Normally, HJS is treated by balloon dilation or plastic stent deployment under PTBD or enteroscopic guidance. Sato et al. evaluated clinical outcomes of double-balloon (DB) enteroscopy-assisted ERCP for HJS in 102 patients and identified predictors of long-term treatment success 14 . The technical success rate for treatment via DB-ERCP was 89.2 % (91 of 102 patients) in that study, and the overall resolution rate of HJS was 76.9 % (70 of 91 patients) during a median follow-up of 2.7 years. However, 22 of 53 patients (41.5 %) who underwent initially successful balloon dilation for HJS experienced recurrence after a median of 3.4 months (range, 1–36.2) months). On the other hand, the rate of HJS recurrence was 10 % (2 of 20 patients) with treatment by plastic stent deployment. According to that study, balloon dilation alone might be insufficient to treat HJS. Our resolution rate for HJS was 93.3 % at 3 months. Although long-term results should be evaluated, the current findings indicate that our technique might be more effective than balloon dilation or plastic stent deployment.

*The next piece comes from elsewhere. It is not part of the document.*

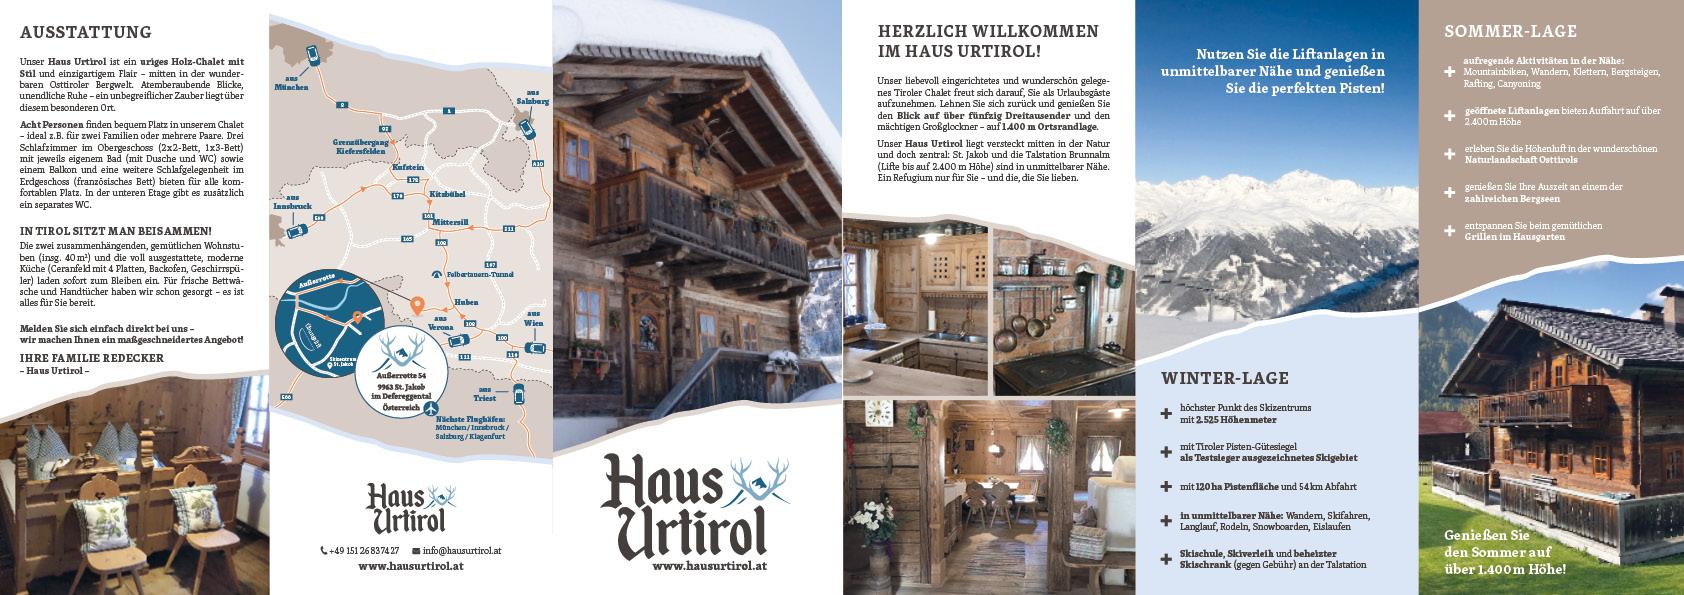 Haus Urtirol Flyer

Tomoda et al compared balloon dilation alone with endoscopic stenting for treating HJS under enteroscopic guidance in 103 and 34 patients, respectively 15 . In this study, multivariate analysis selected only balloon dilation as an independent risk factor (hazard ratio, 2.86; 95 % confidence interval, 1.44–6.55; P  = 0.002). Plastic stent deployment might thus be useful for treating HJS. However, although EUS-BD confers several advantages, such as a short procedural duration and a higher technical success rate than an enteroscopic approach, a plastic stent deployed at an HJS site might be difficult to remove via the EUS-HGS route. Various techniques through the HGS route, such as HJS stent removal and deployment, might thus sometimes prove challenging, and our technique applied to transluminal antegrade ED might offer a novel option for treating HJS.

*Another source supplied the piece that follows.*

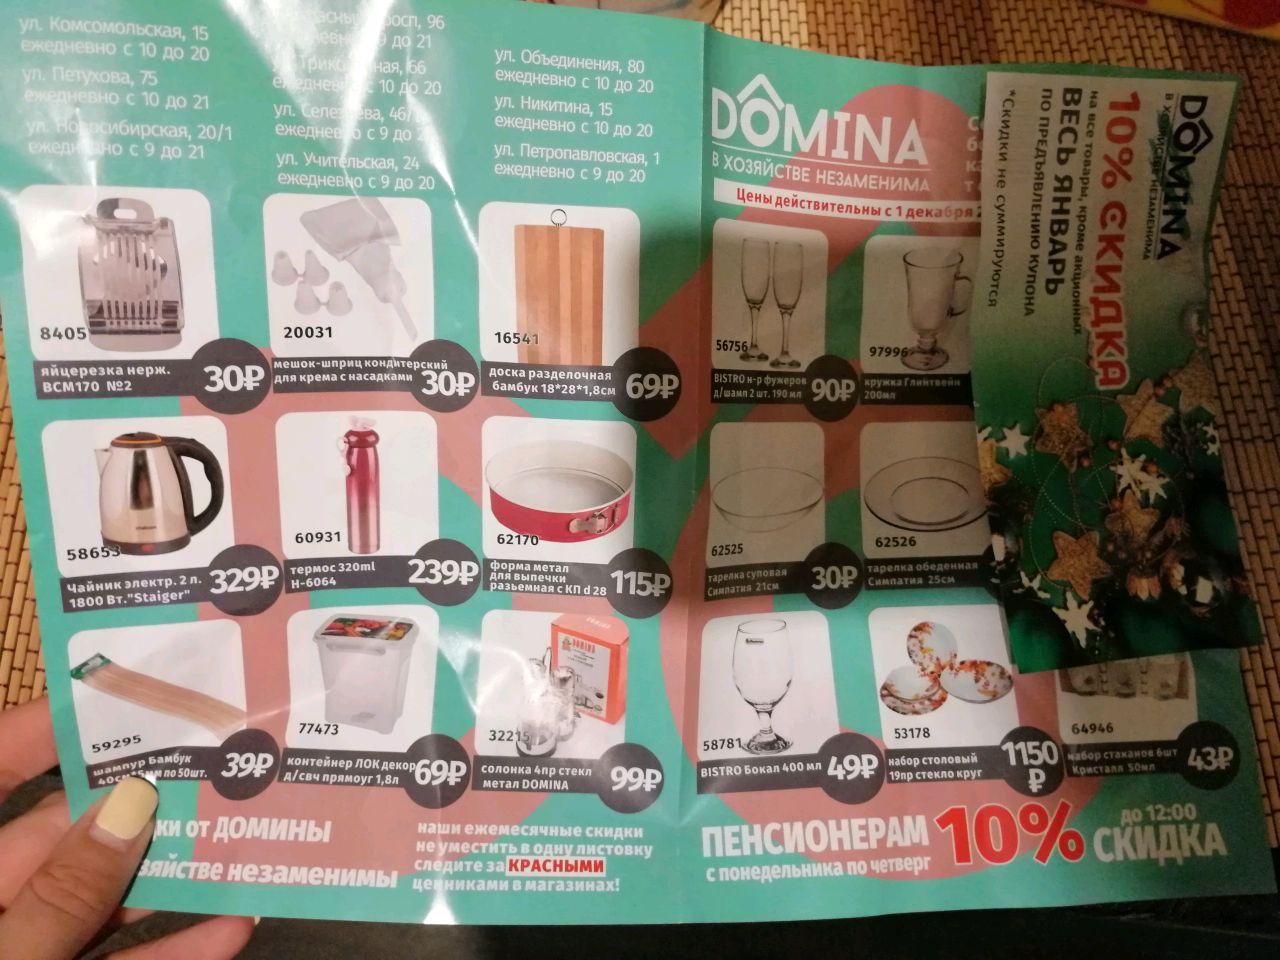 Домина Магазин Новосибирск Официальный Сайт

Reported results for the ED technique are quite favorable 11 12 . Gao et al. found that strictures in nine of 10 patients with refractory biliary and pancreatic duct stricture were successfully treated by ERCP using wire-guided needle-knife electrocautery 11 . Still, AEs of self-limited bleeds and biliary perforation developed. On the other hand, transpapillary dilation of refractory severe biliary or main pancreatic duct strictures using a wire-guided coaxial diathermic dilator was successful in all 22 patients 12 , with no severe AEs. However, we used the novel fine-gauge ED to reduce risk of bleeding that is still associated with ED due to burning. Cholangioscopic findings confirmed that AEs such as bleeding or perforation did not arise in any of our patients.

Our technique used a 10-mm-diameter FCSEMS. We believe that successful performance of EUS-HGS itself without stent migration or dislocation or bile leakage is extremely important in clinical practice. To prevent stent dislocation, a 10-mm-diameter FCSEMS was selected to resist the strong radial forces that may be encountered. In addition, this FCSEMS is removed after 1 week, so AEs associated with FCSEMS such as stent-induced ductal change may be avoided. Also, our technique may be a relatively complex procedure due to its two-step nature. However, after creation of the fistula between the intrahepatic bile duct and stomach, reintervention is easily and safely performed with a short procedure time compared with the enteroscopic approach.

Our study and technique have several limitations such as the small number of patients, high cost, short duration of follow-up, and retrospective nature of the study.

Conclusion

We concluded that transluminal antegrade ED is safe and feasible. Our technique might offer a new option with which to treat HJS, although a prospective study with long-term follow-up is needed.